If you wish to use the HCE (Hangzhou-Changsha Electrocardiogram) dataset, please cite the article titled "SAPTSTA-AnoECG: A PatchTST-based ECG Anomaly Detection Method with Subtractive Attention and Data Augmentation."

Introduction of HCE Dataset

The HCE (Hangzhou-Changsha Electrocardiogram) dataset is a comprehensive electrocardiogram dataset collected by our research team in Changsha, Hunan, and Hangzhou, Zhejiang, China. The data collection protocol required each participant to adopt three distinct postures—standing, sitting, and lying—each maintained for a minimum of 60 seconds. A total of 76 volunteers participated in the ECG signal acquisition, comprising 39 males and 37 females. The participants' ages ranged from 19 to 94 years, encompassing 45 young adults (aged 34 years and below), 26 middle-aged adults (aged 35 to 59 years), and 5 elderly individuals (aged 60 years and above).

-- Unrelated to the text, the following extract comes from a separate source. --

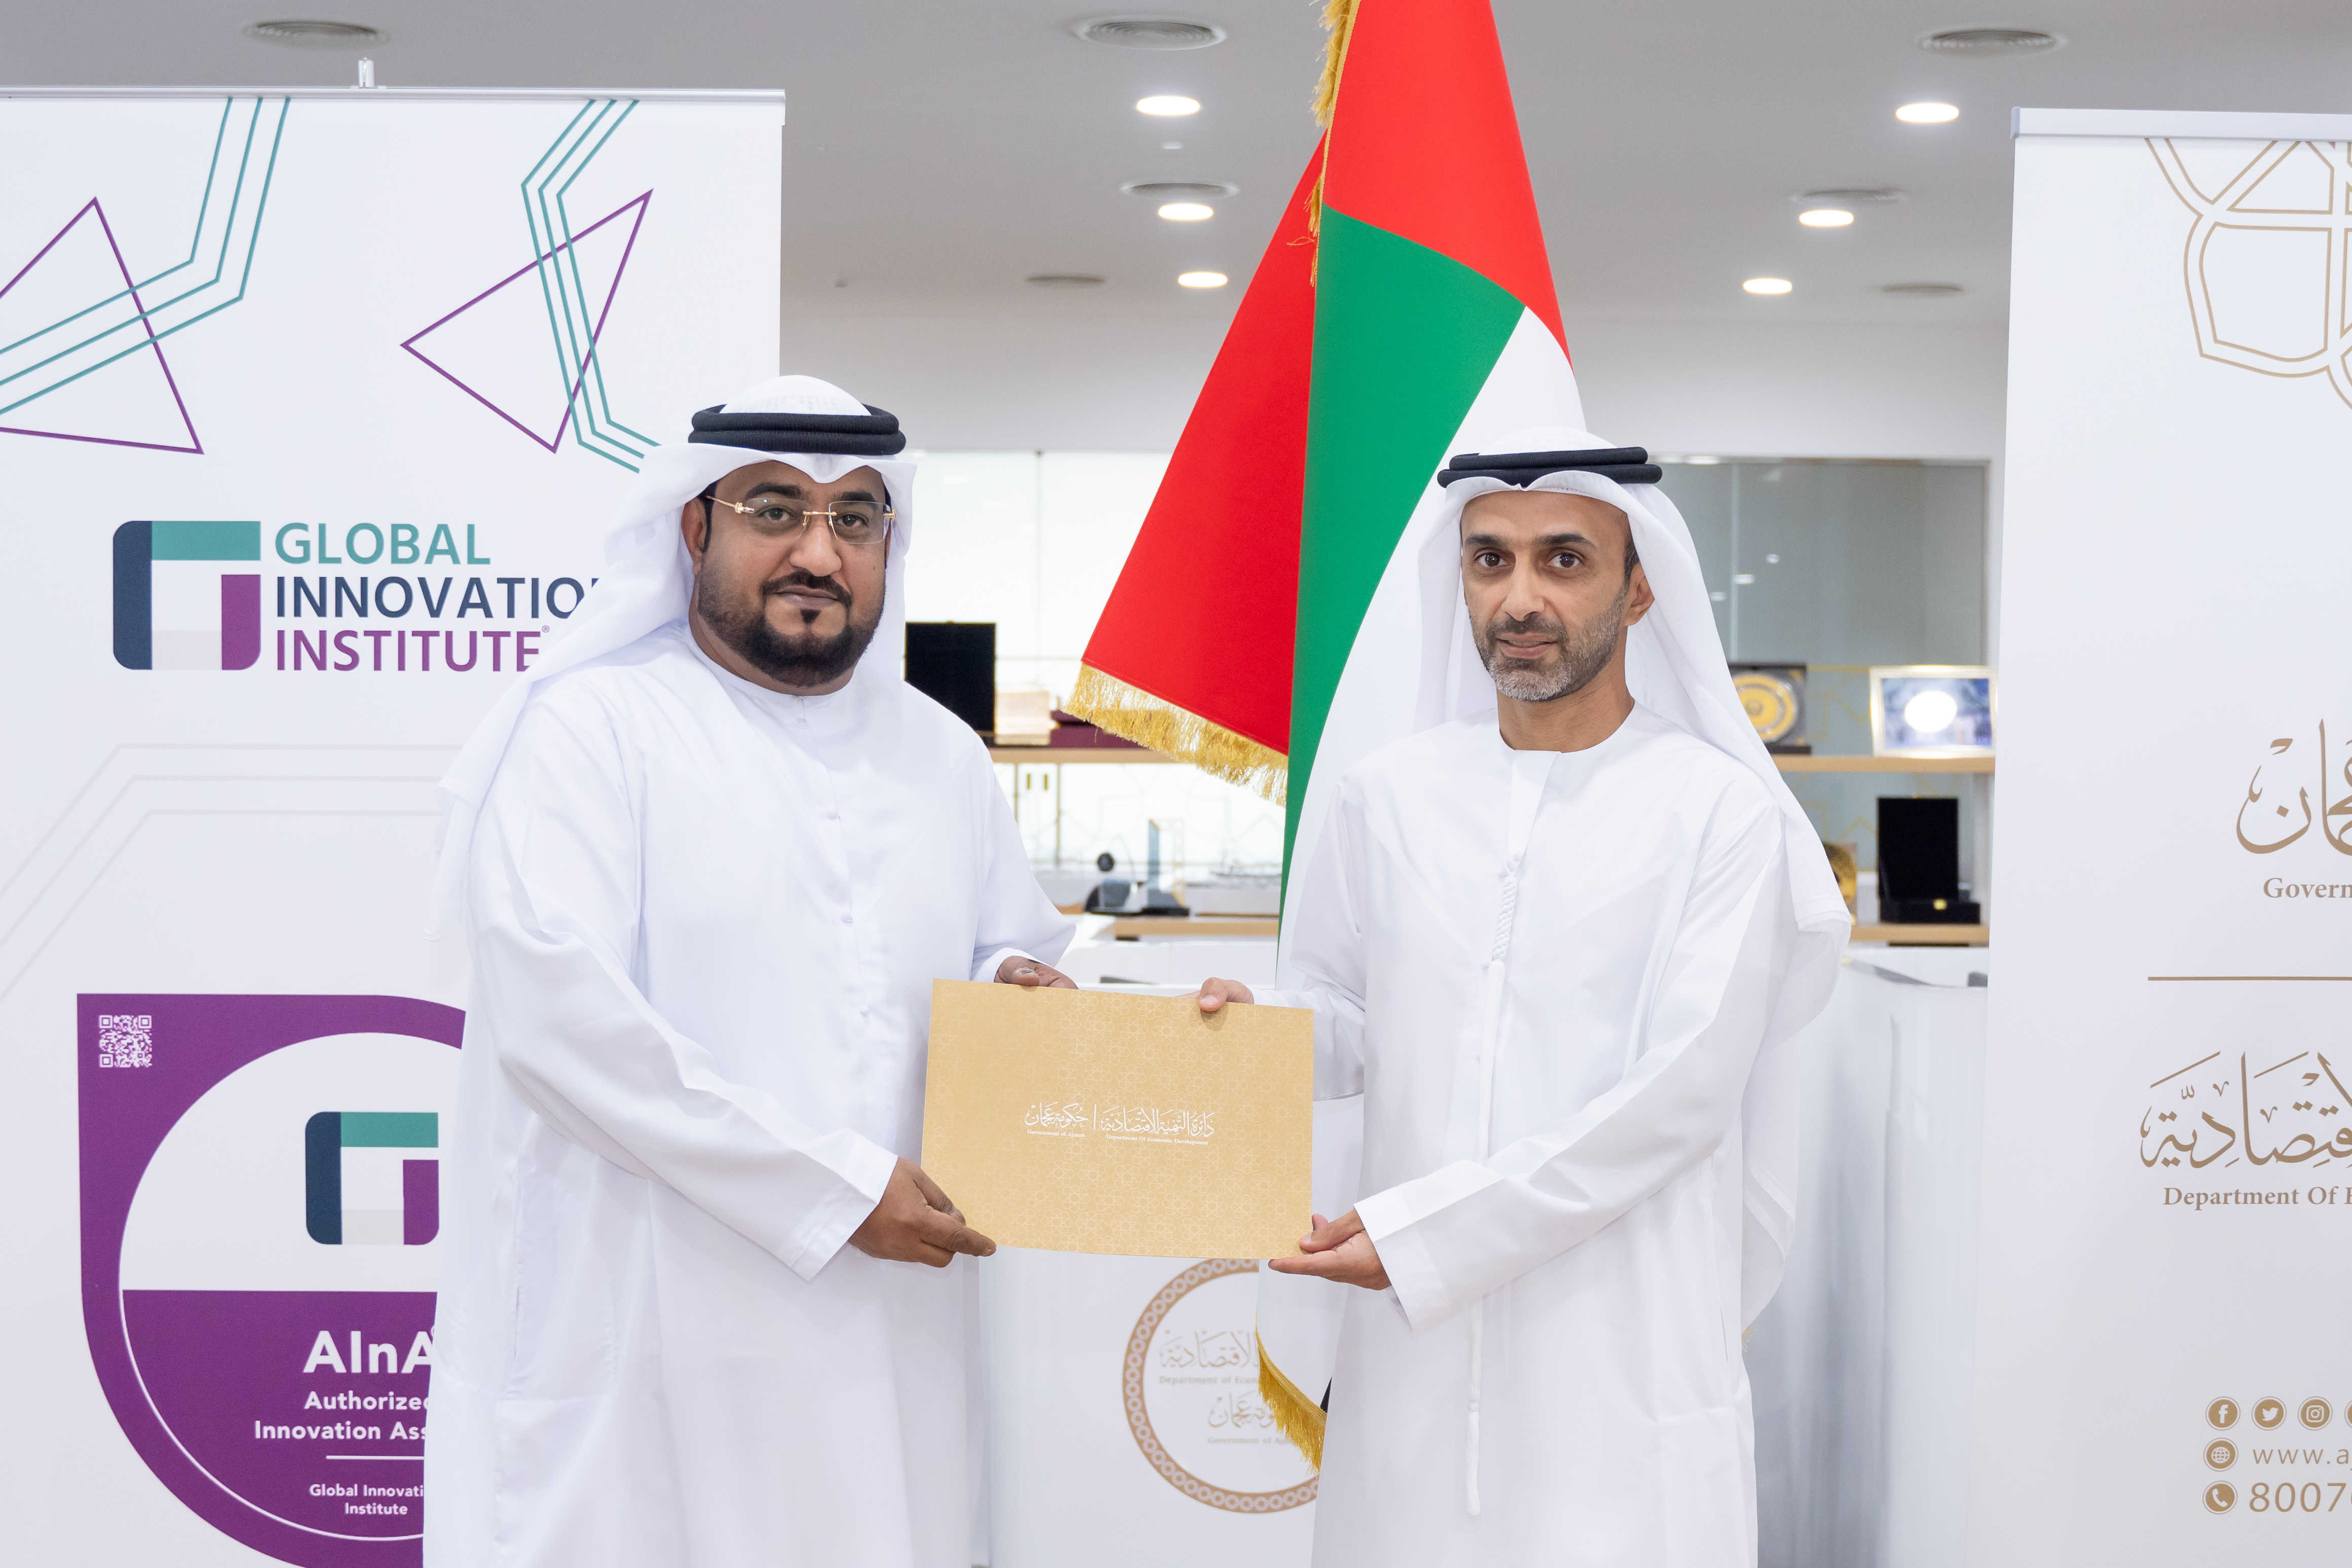 10 Ajman DED employees receive the “Accredited Innovation Assessor” degree from GInI Ahmed bin Humaid honors graduates of the “Accredited Innovation Assessor” of Ajman DED

We recorded the ECG data produced by each volunteer during the maintenance of each posture, storing these recordings in individual files with a sampling rate of 1000 Hz, resulting in a total of 228 ECG files. After excluding certain invalid files, we retained 215 valid ECG files. The reasons for invalid samples included circuit disconnections, lead misplacements, and program interruptions.

The last 60 seconds of ECG data from each file were divided into six segments, with each segment serving as an individual sample lasting 10 seconds, yielding a total of 1290 ECG samples. These samples were subsequently annotated by cardiology experts, with 16 samples identified as PVC (Premature Ventricular Contractions) and 12 samples classified as RBBB (Right Bundle Branch Block).

The "HCE_processed" folder contains 1,290 10-second, 12-lead ECG samples with a sampling rate of 100 Hz. When reading the samples in Python, you can directly use numpy.load() to obtain an array of size 1000 x 12. The file "HCE_labels.txt" contains the labels for the abnormal samples among these 1,290 samples.